Once the line with "Thin banned white" is found, repeat it and all later lines exactly through the end of the listing below, with the pictures left out.

[Opening INFORMATION SUPPLIED section]

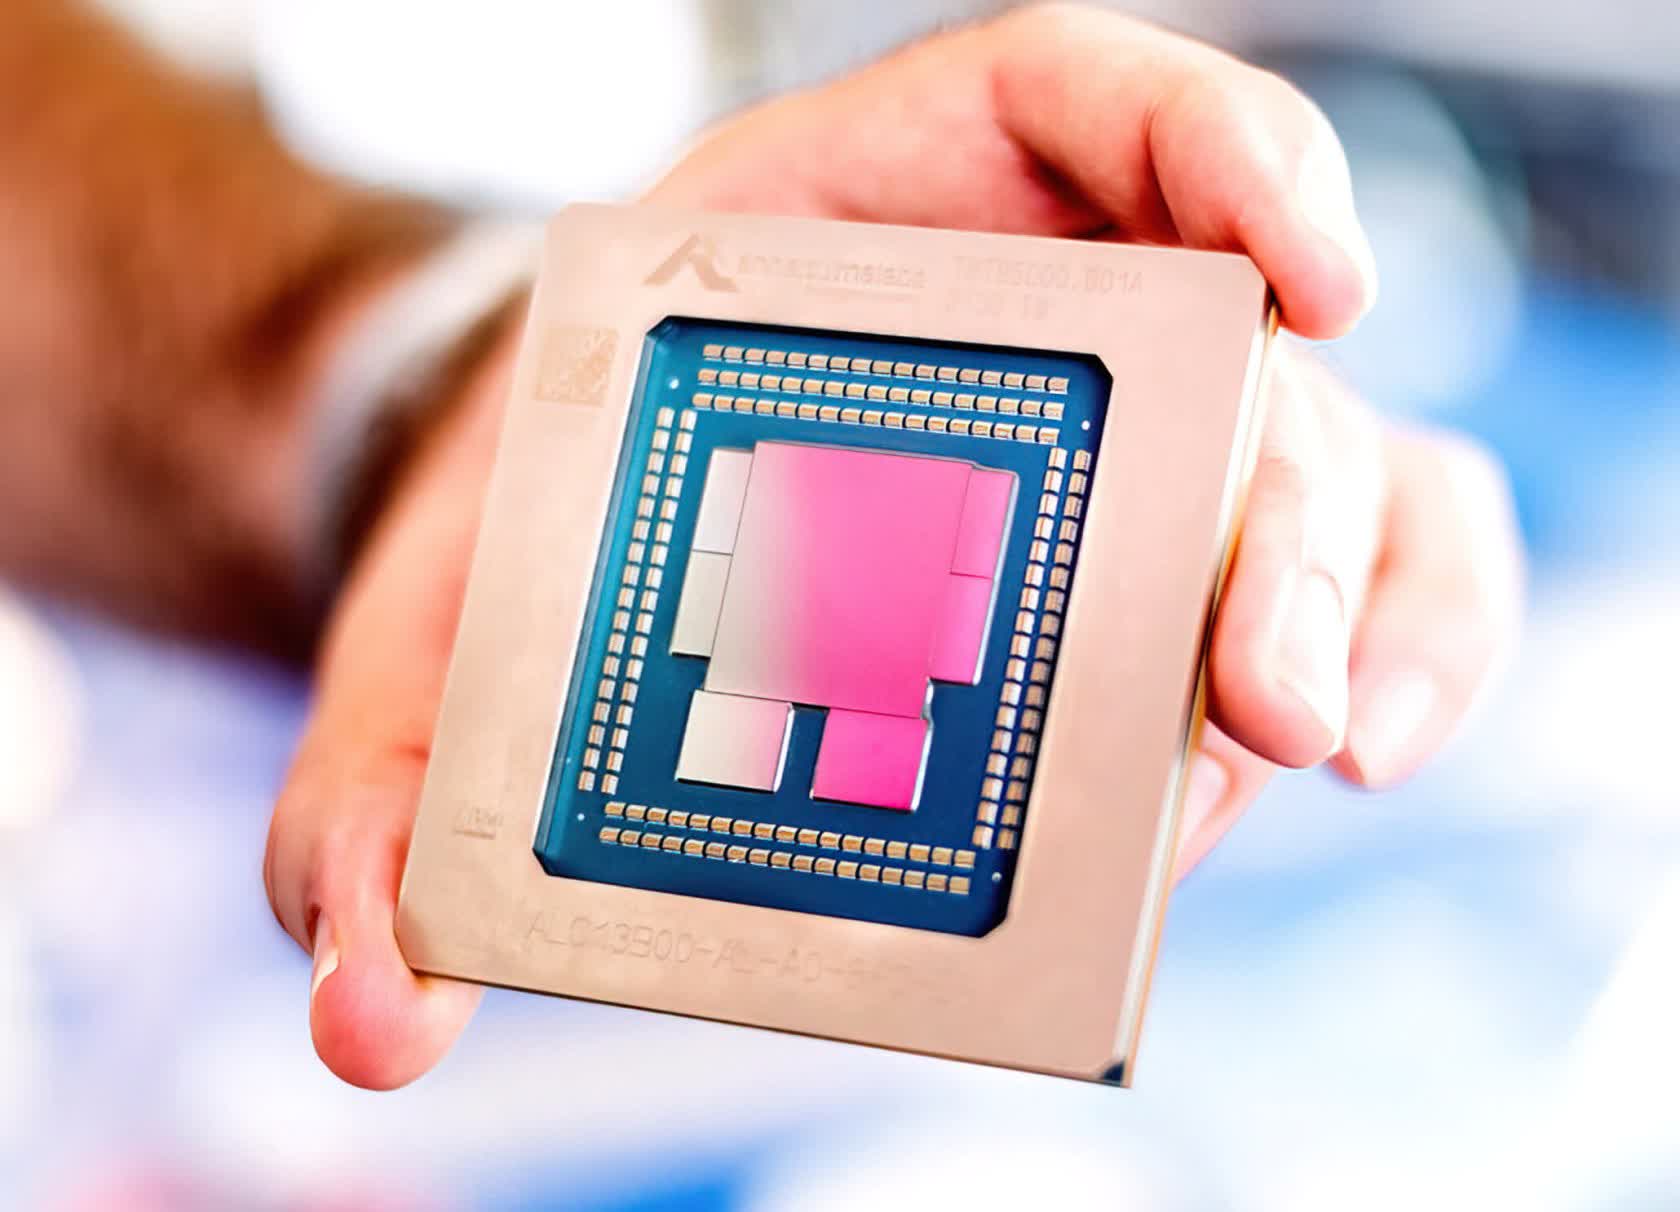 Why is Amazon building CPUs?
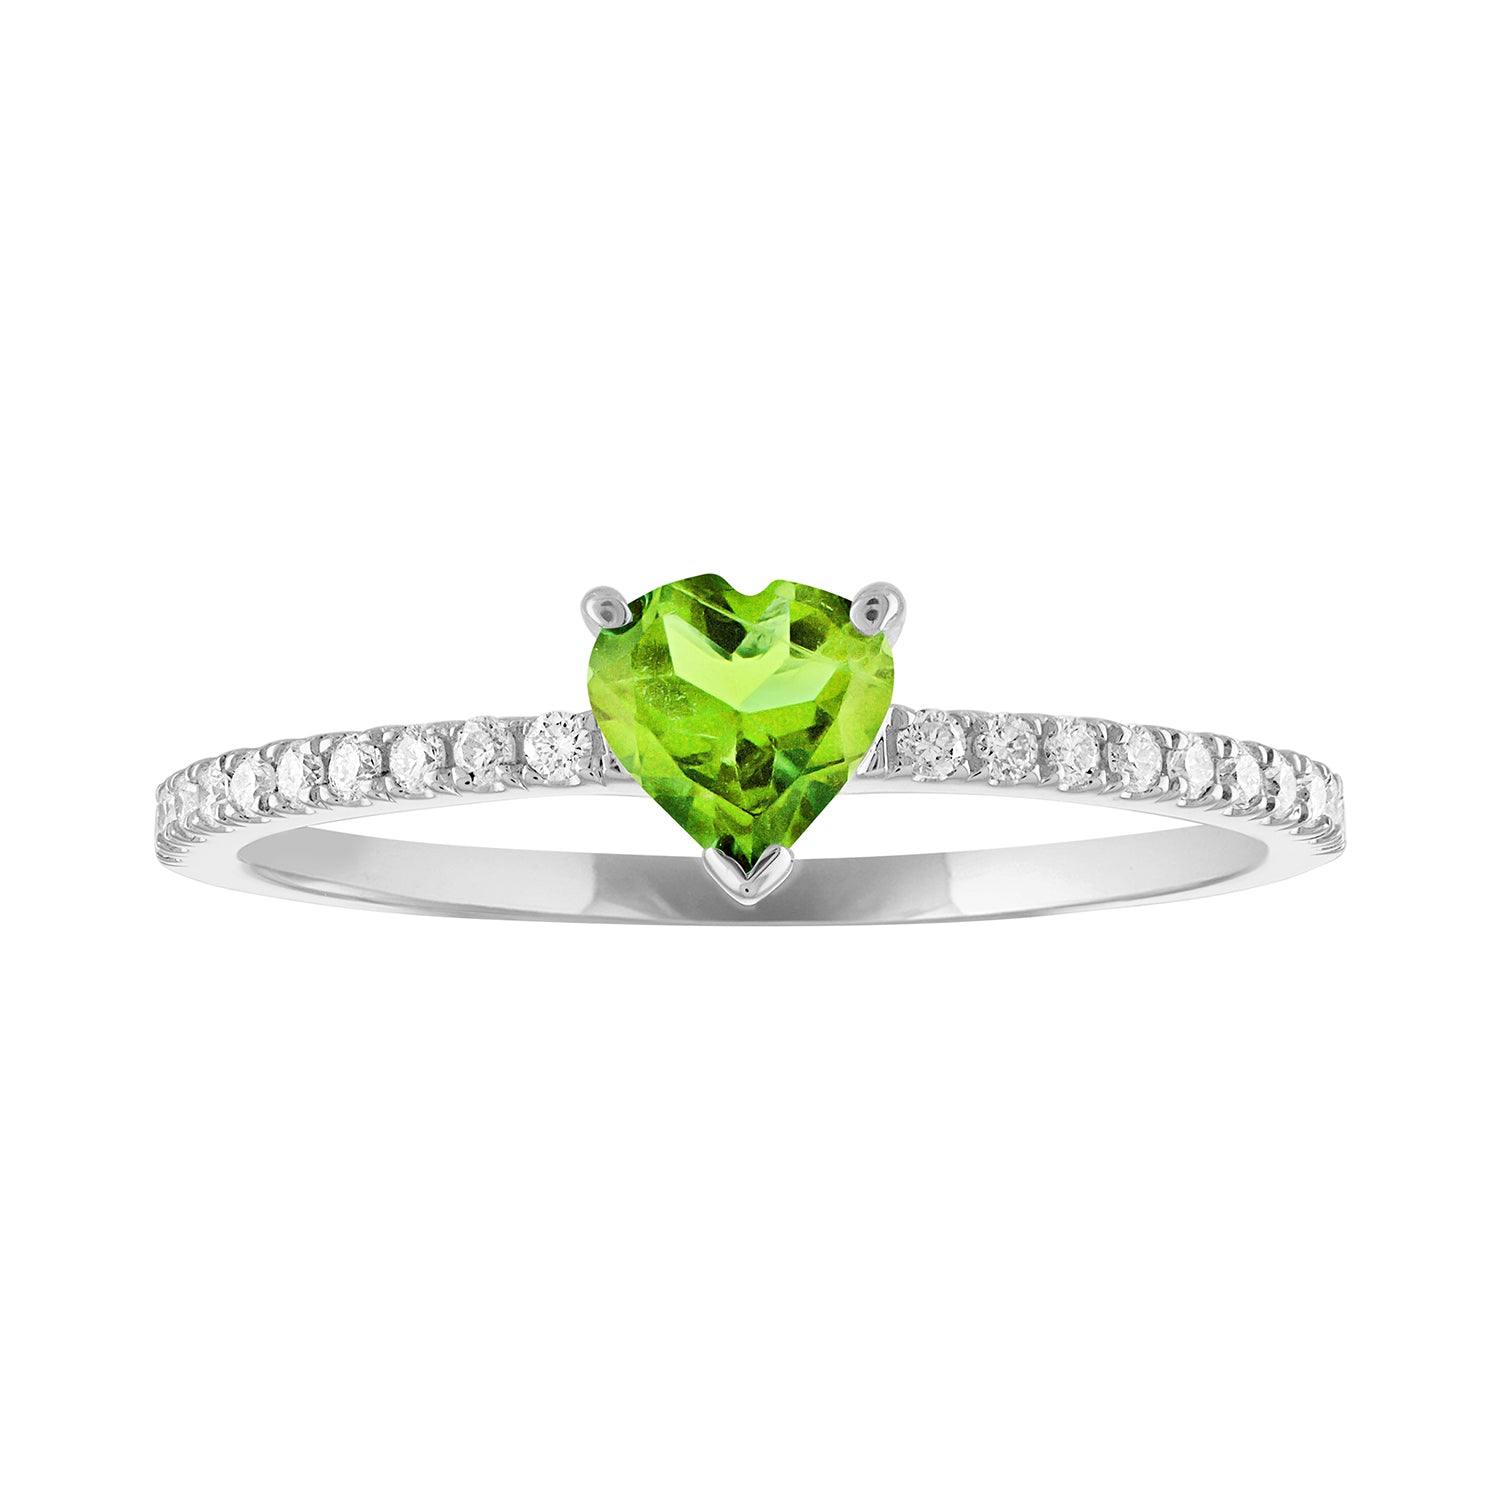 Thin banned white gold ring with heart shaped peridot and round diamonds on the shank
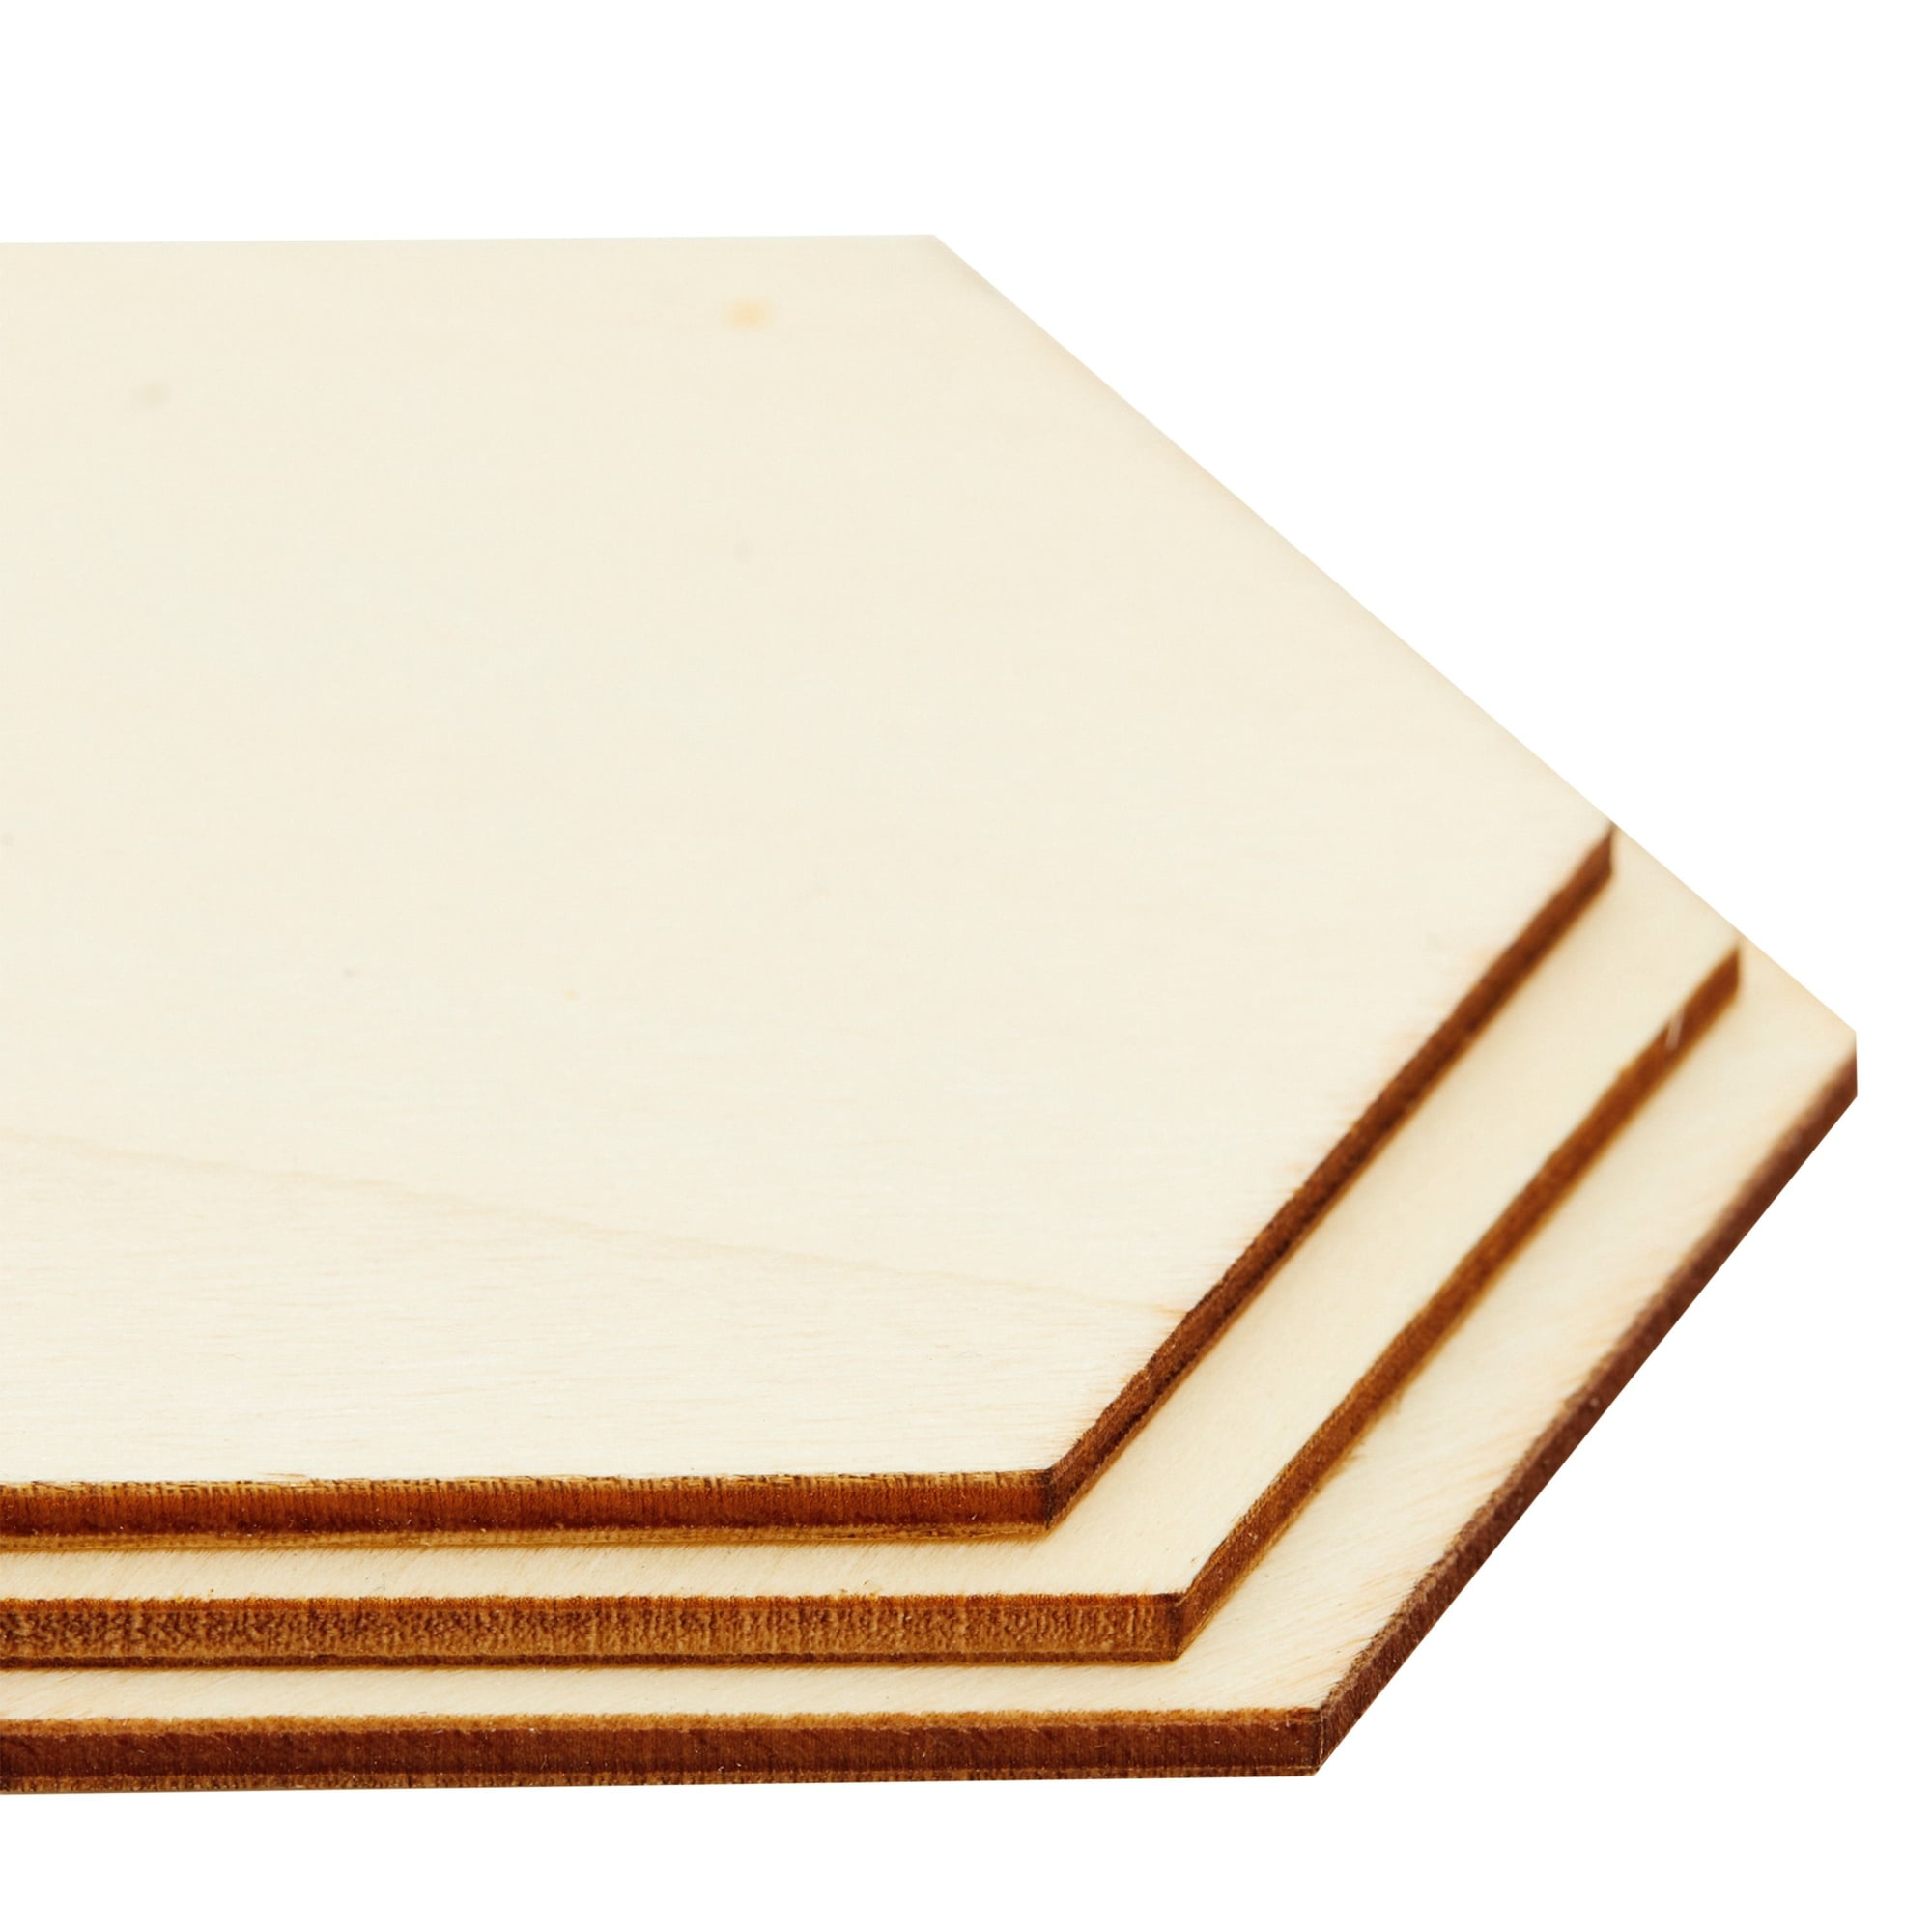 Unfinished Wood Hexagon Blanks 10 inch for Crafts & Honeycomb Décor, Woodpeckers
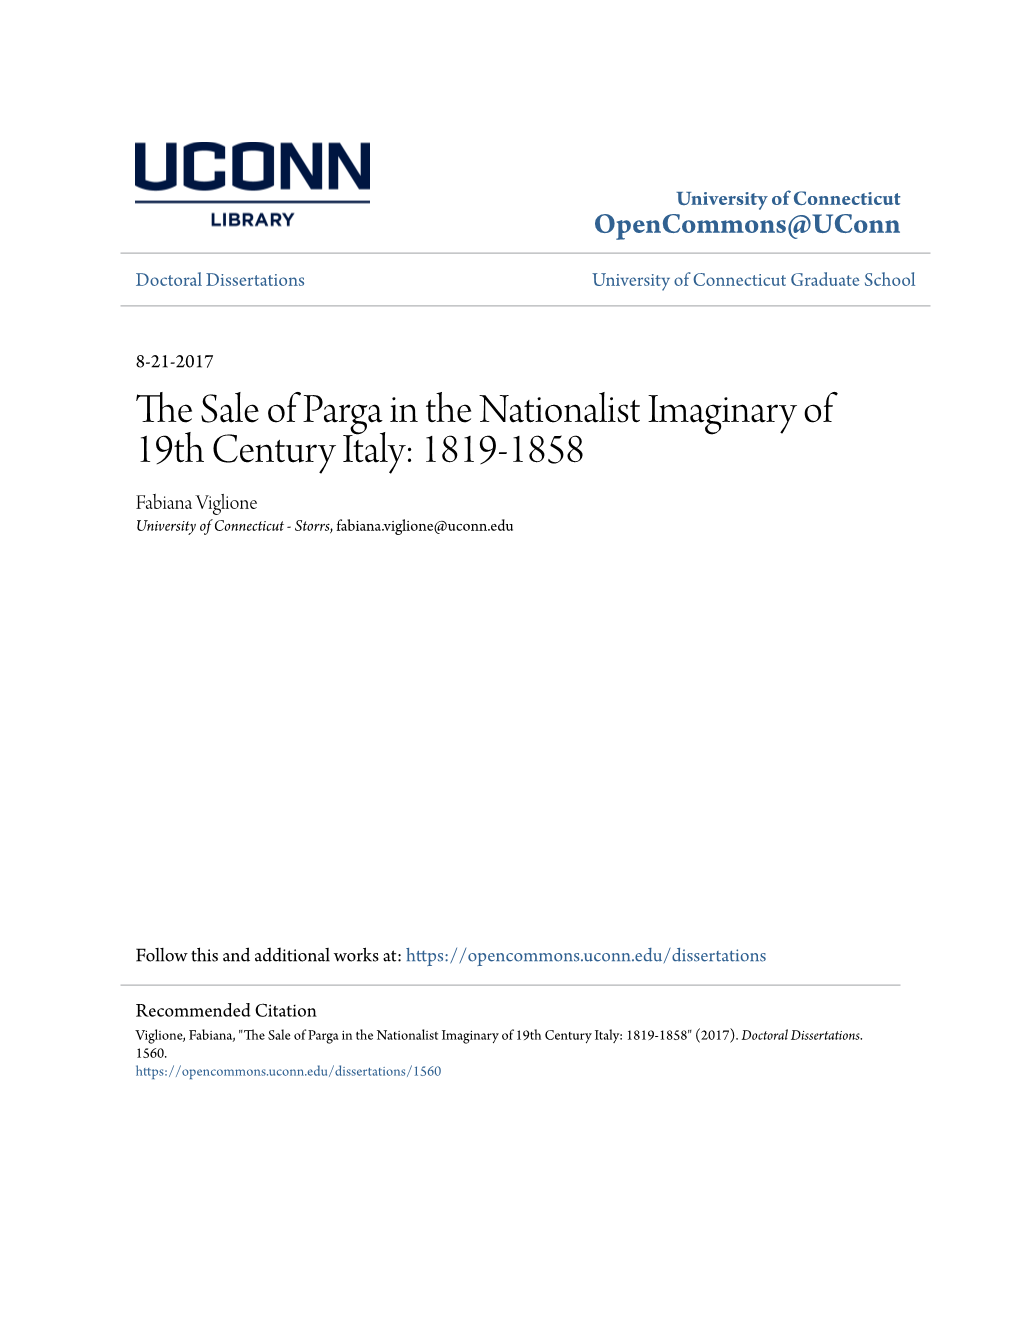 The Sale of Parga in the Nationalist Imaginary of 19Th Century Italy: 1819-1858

[Closing INFORMATION SUPPLIED section]

> _SOLVED EXERCISE_
 Thin banned white gold ring with heart shaped peridot and round diamonds on the shank
 Unfinished Wood Hexagon Blanks 10 inch for Crafts & Honeycomb Décor, Woodpeckers
 The Sale of Parga in the Nationalist Imaginary of 19Th Century Italy: 1819-1858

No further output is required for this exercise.